# ASSIGNMENT:
Each entry must be duplicated precisely, with nothing left out.

RECORDS FOR THE EXERCISE: Begin

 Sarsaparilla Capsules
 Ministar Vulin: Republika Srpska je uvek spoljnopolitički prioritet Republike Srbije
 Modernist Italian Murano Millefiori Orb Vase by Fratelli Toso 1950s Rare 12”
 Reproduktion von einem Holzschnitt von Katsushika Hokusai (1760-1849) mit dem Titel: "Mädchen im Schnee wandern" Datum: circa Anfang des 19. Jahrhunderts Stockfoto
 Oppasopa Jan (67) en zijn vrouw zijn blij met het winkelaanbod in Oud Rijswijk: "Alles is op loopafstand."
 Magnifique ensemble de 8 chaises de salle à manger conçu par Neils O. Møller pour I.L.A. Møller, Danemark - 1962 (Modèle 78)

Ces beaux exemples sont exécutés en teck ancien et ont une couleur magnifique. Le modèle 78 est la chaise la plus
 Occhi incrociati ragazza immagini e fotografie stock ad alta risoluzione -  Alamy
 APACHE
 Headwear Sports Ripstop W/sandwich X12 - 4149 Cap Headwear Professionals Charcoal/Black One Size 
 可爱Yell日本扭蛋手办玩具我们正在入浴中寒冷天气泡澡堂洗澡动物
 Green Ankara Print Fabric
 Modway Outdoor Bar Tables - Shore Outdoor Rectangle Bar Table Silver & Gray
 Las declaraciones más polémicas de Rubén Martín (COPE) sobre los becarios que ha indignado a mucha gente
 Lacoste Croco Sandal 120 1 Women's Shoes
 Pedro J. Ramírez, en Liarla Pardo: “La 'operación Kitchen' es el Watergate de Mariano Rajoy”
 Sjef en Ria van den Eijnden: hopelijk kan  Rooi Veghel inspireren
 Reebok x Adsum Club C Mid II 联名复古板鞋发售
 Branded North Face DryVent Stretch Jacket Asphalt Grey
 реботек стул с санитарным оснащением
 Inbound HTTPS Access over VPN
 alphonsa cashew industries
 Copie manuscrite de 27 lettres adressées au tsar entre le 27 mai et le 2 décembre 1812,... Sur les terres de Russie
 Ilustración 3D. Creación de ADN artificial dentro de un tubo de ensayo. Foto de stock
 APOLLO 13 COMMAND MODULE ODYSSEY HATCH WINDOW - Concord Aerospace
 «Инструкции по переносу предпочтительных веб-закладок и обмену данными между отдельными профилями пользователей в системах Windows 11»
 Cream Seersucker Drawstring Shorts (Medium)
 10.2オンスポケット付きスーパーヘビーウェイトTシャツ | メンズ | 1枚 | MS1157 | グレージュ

RECORDS FOR THE EXERCISE: End

# OUTPUT FOR THIS EXERCISE:
 Sarsaparilla Capsules
 Ministar Vulin: Republika Srpska je uvek spoljnopolitički prioritet Republike Srbije
 Modernist Italian Murano Millefiori Orb Vase by Fratelli Toso 1950s Rare 12”
 Reproduktion von einem Holzschnitt von Katsushika Hokusai (1760-1849) mit dem Titel: "Mädchen im Schnee wandern" Datum: circa Anfang des 19. Jahrhunderts Stockfoto
 Oppasopa Jan (67) en zijn vrouw zijn blij met het winkelaanbod in Oud Rijswijk: "Alles is op loopafstand."
 Magnifique ensemble de 8 chaises de salle à manger conçu par Neils O. Møller pour I.L.A. Møller, Danemark - 1962 (Modèle 78)

Ces beaux exemples sont exécutés en teck ancien et ont une couleur magnifique. Le modèle 78 est la chaise la plus
 Occhi incrociati ragazza immagini e fotografie stock ad alta risoluzione -  Alamy
 APACHE
 Headwear Sports Ripstop W/sandwich X12 - 4149 Cap Headwear Professionals Charcoal/Black One Size 
 可爱Yell日本扭蛋手办玩具我们正在入浴中寒冷天气泡澡堂洗澡动物
 Green Ankara Print Fabric
 Modway Outdoor Bar Tables - Shore Outdoor Rectangle Bar Table Silver & Gray
 Las declaraciones más polémicas de Rubén Martín (COPE) sobre los becarios que ha indignado a mucha gente
 Lacoste Croco Sandal 120 1 Women's Shoes
 Pedro J. Ramírez, en Liarla Pardo: “La 'operación Kitchen' es el Watergate de Mariano Rajoy”
 Sjef en Ria van den Eijnden: hopelijk kan  Rooi Veghel inspireren
 Reebok x Adsum Club C Mid II 联名复古板鞋发售
 Branded North Face DryVent Stretch Jacket Asphalt Grey
 реботек стул с санитарным оснащением
 Inbound HTTPS Access over VPN
 alphonsa cashew industries
 Copie manuscrite de 27 lettres adressées au tsar entre le 27 mai et le 2 décembre 1812,... Sur les terres de Russie
 Ilustración 3D. Creación de ADN artificial dentro de un tubo de ensayo. Foto de stock
 APOLLO 13 COMMAND MODULE ODYSSEY HATCH WINDOW - Concord Aerospace
 «Инструкции по переносу предпочтительных веб-закладок и обмену данными между отдельными профилями пользователей в системах Windows 11»
 Cream Seersucker Drawstring Shorts (Medium)
 10.2オンスポケット付きスーパーヘビーウェイトTシャツ | メンズ | 1枚 | MS1157 | グレージュ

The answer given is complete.